> [Source data]
□ □ □ □ □
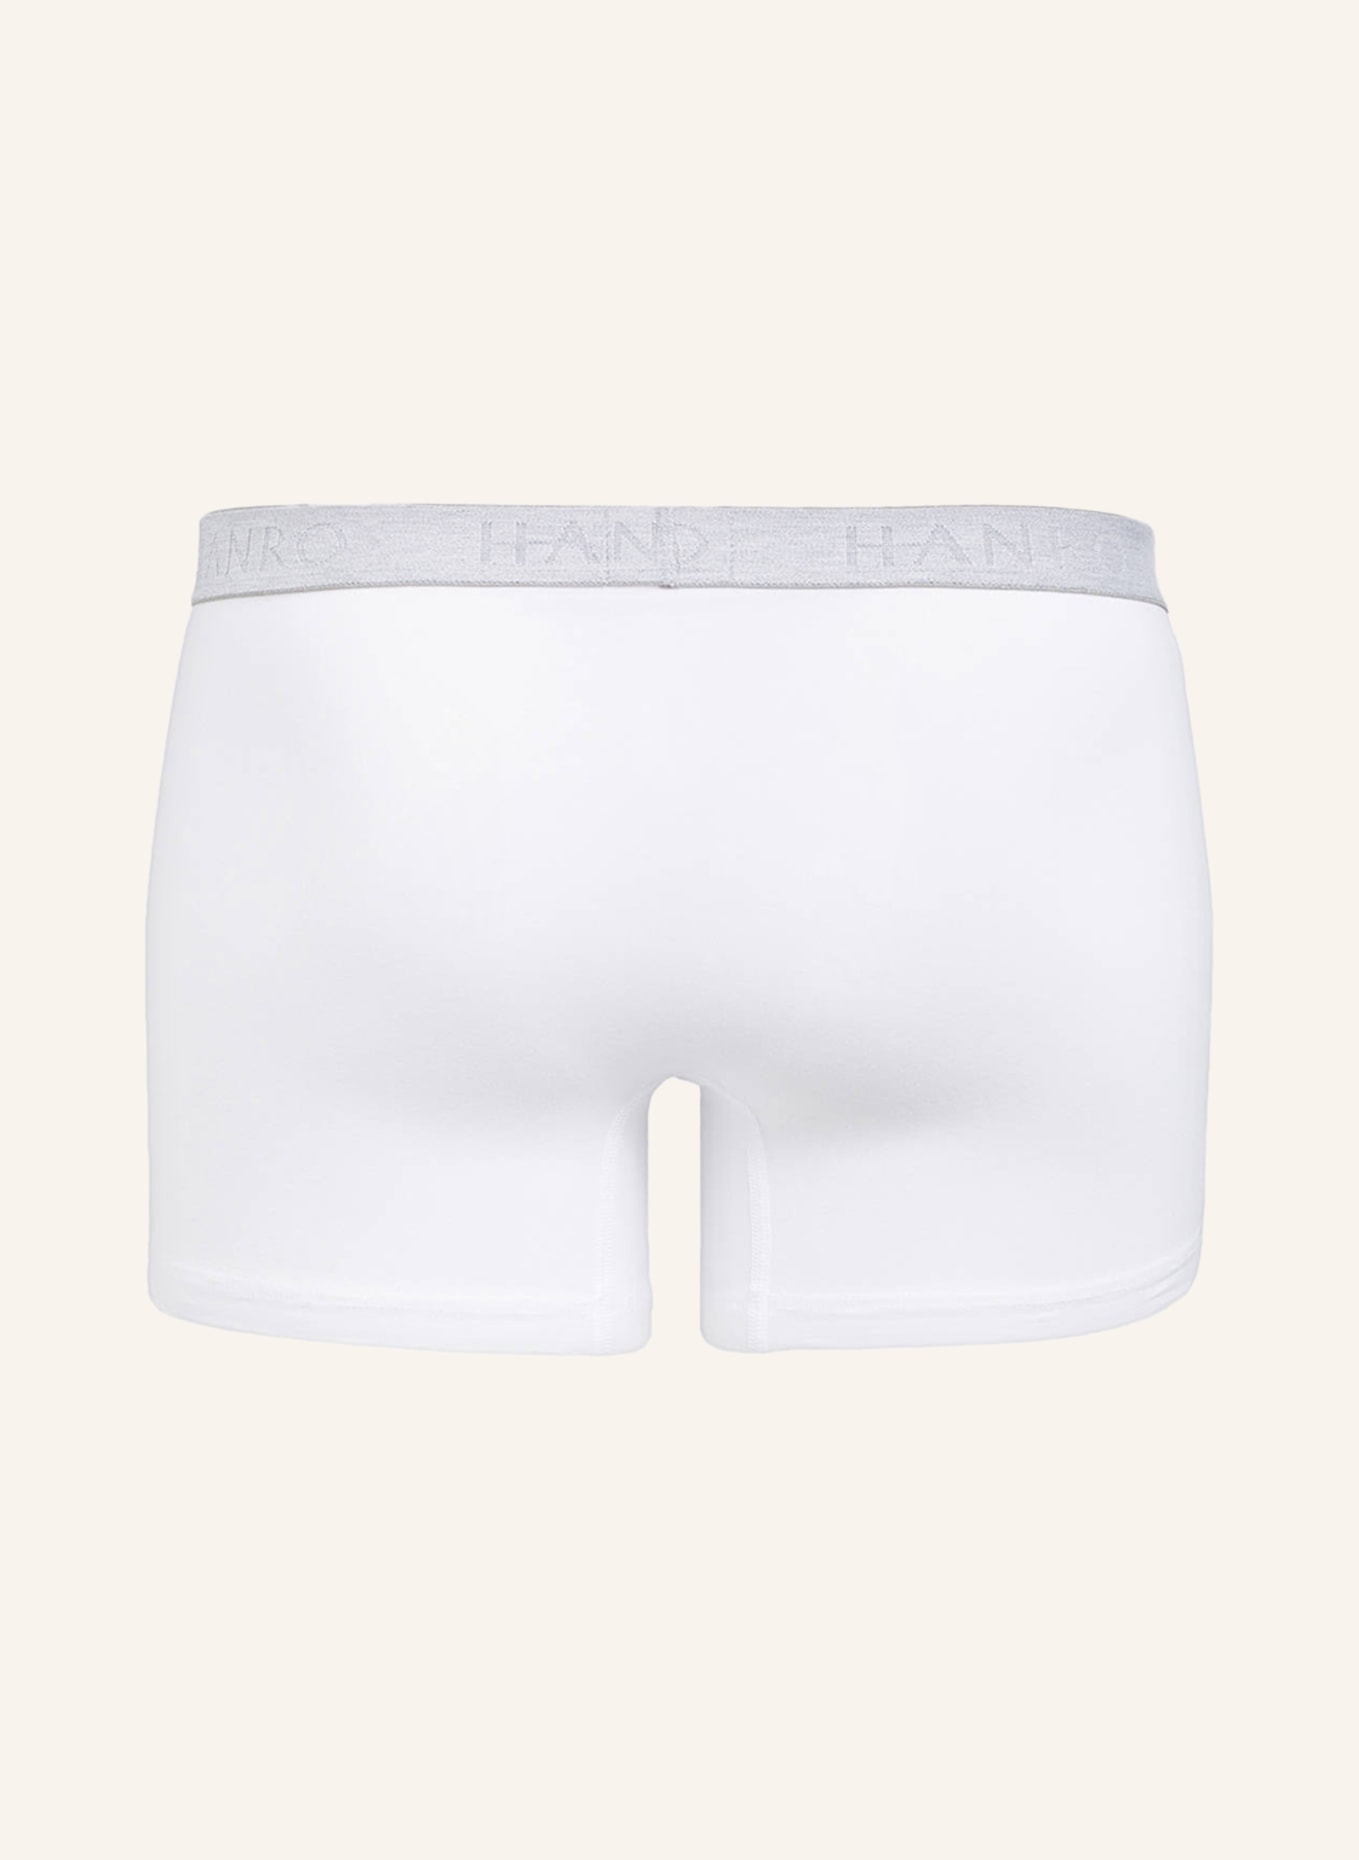 Puma Mens Boxers 2 Pack Basic Essential Underwear Cotton Elastane
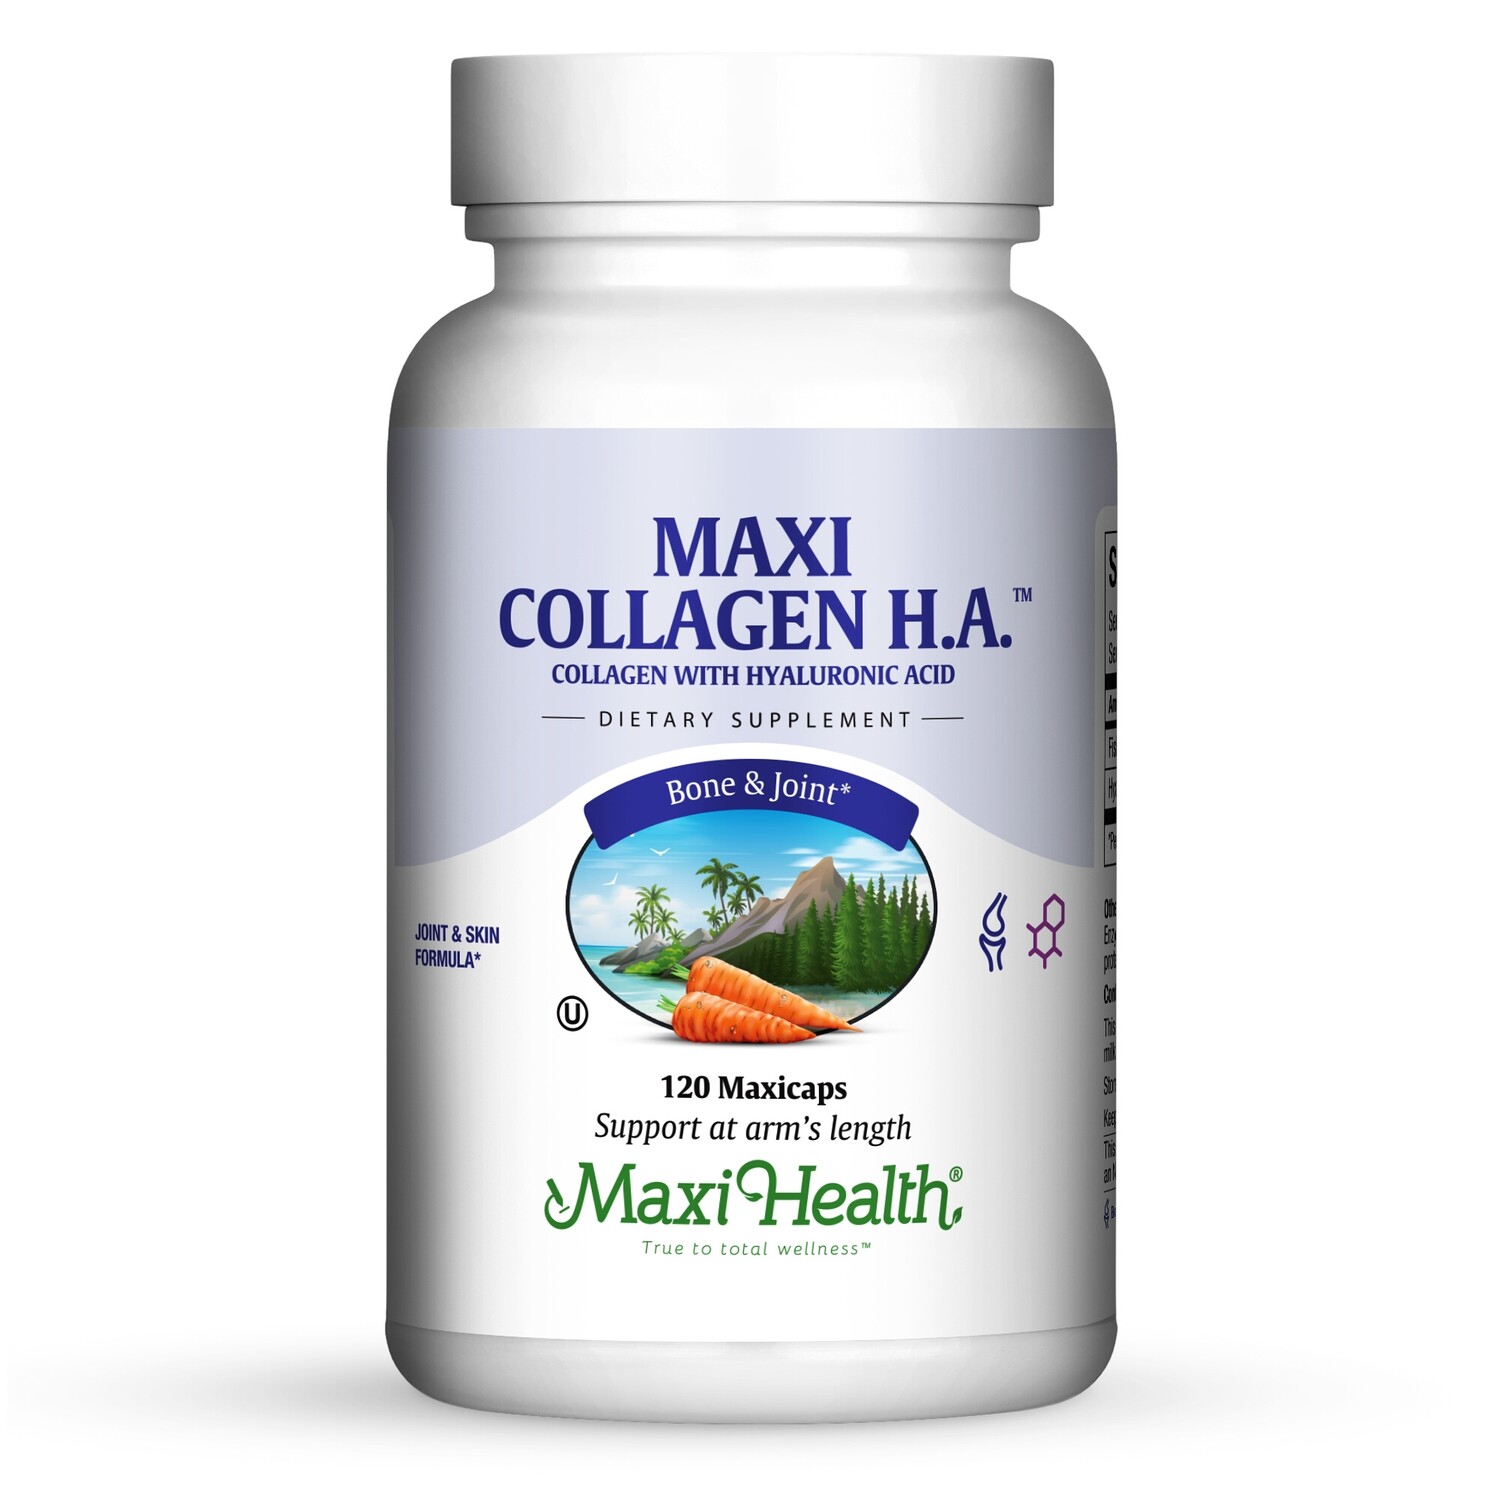 Maxi Health, Kosher Maxi Collagen H.A. - 120 Vegetarian Capsules
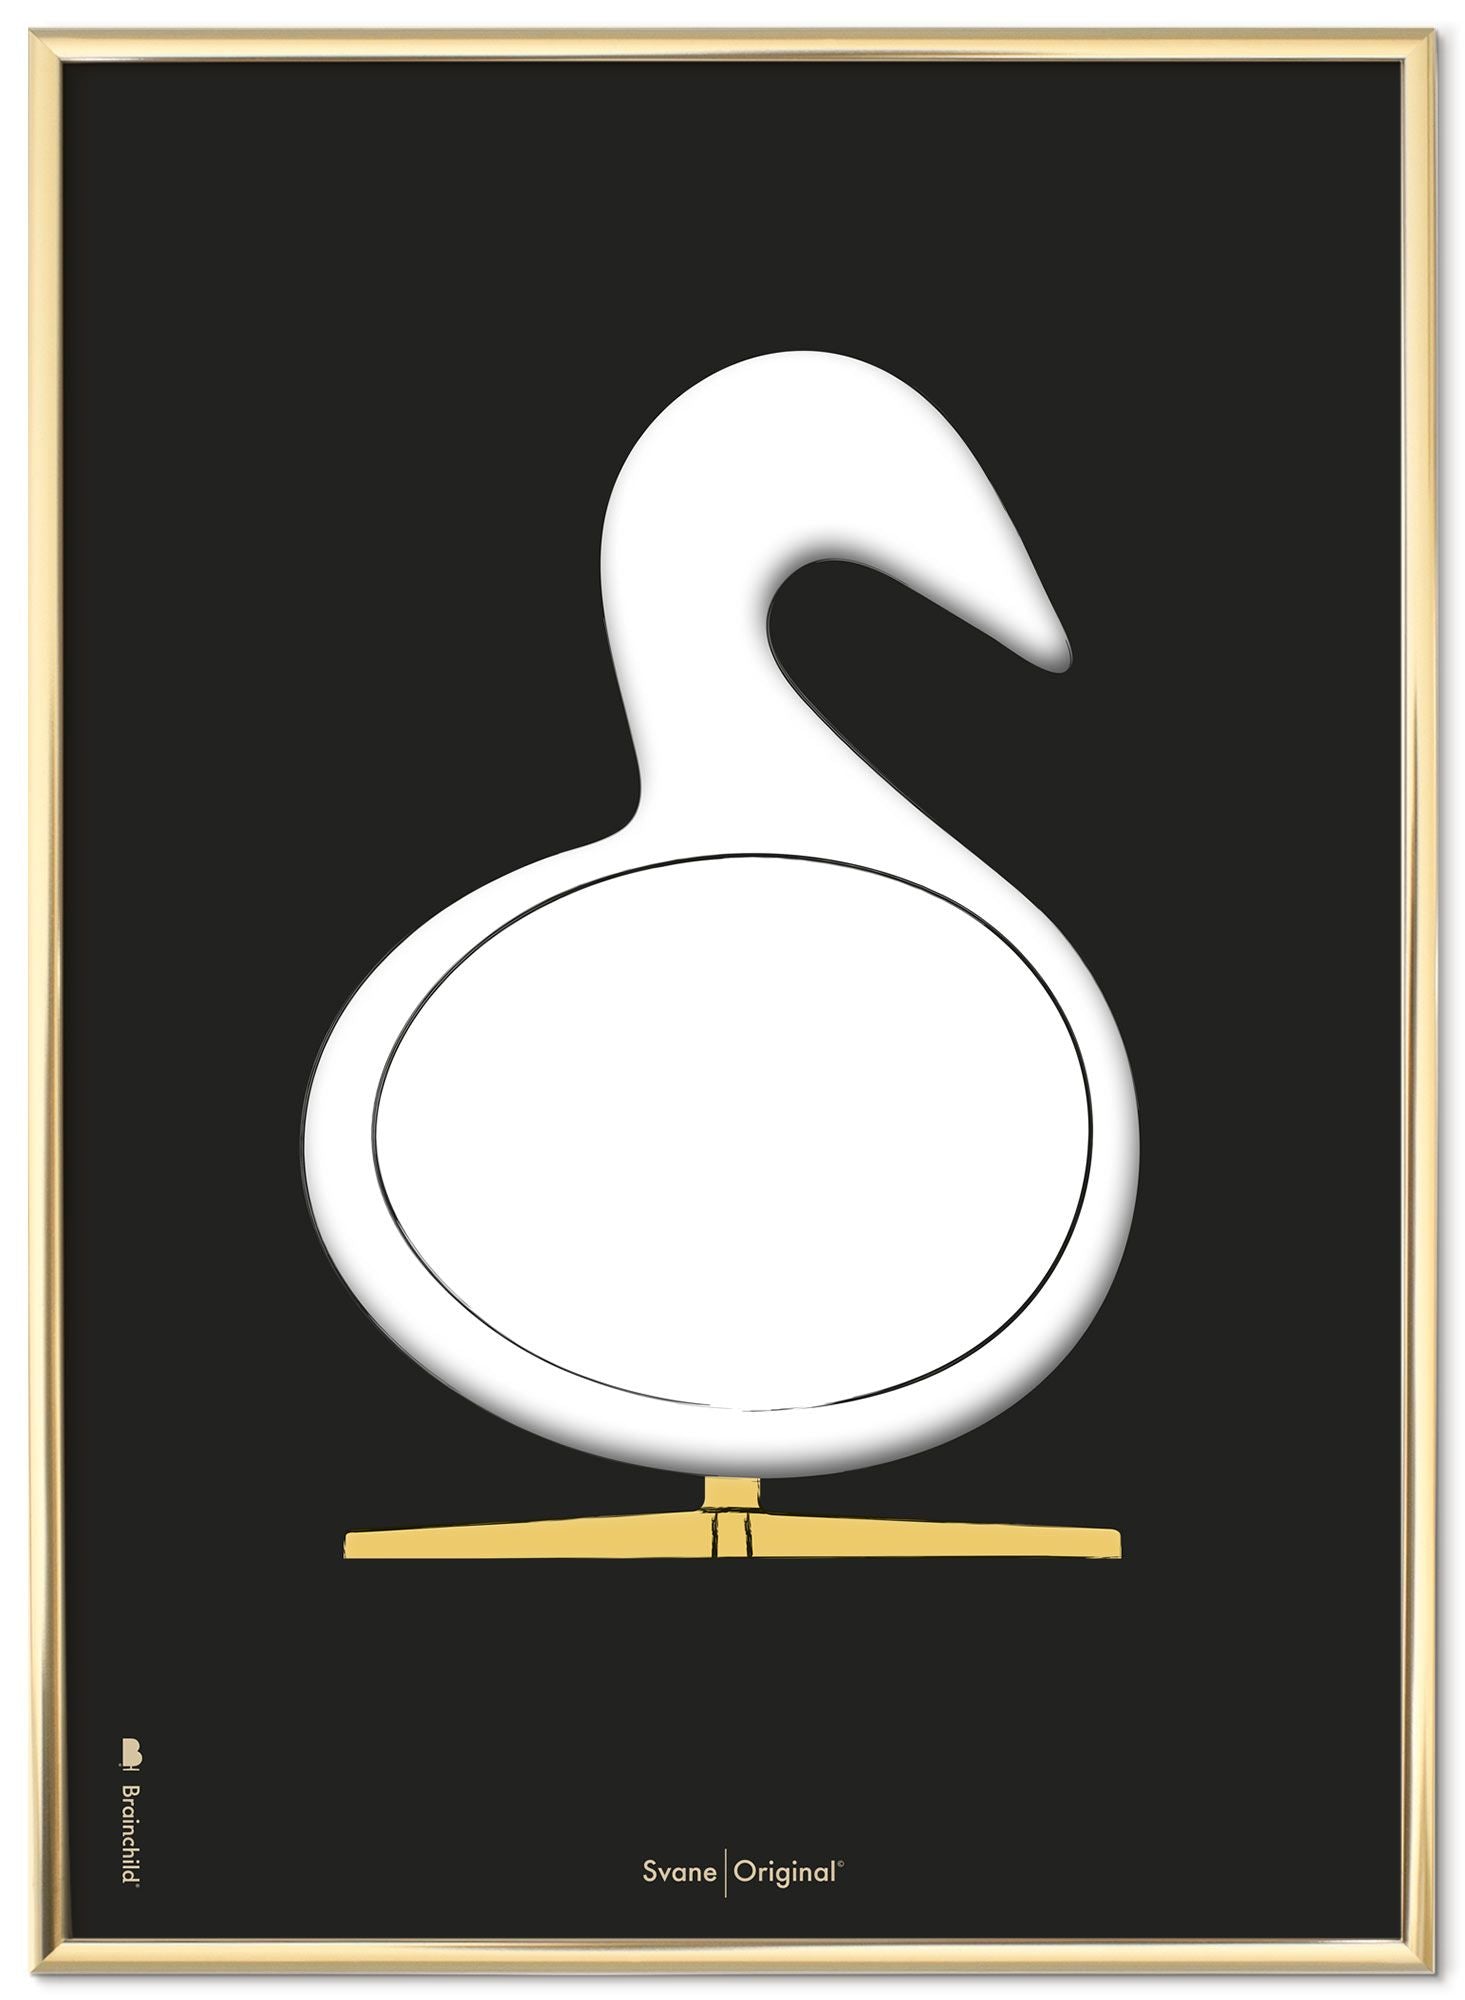 Brainchild Swan Design Sketch Poster Frame Made Of Brass Colored Metal A5, Black Background
□ □ □ □ □
> [What the task requires] Copy every line above word for word and exclude the pictures.

> [Result of the task]
 Puma Mens Boxers 2 Pack Basic Essential Underwear Cotton Elastane
 Maxi Health, Kosher Maxi Collagen H.A. - 120 Vegetarian Capsules
 Brainchild Swan Design Sketch Poster Frame Made Of Brass Colored Metal A5, Black Background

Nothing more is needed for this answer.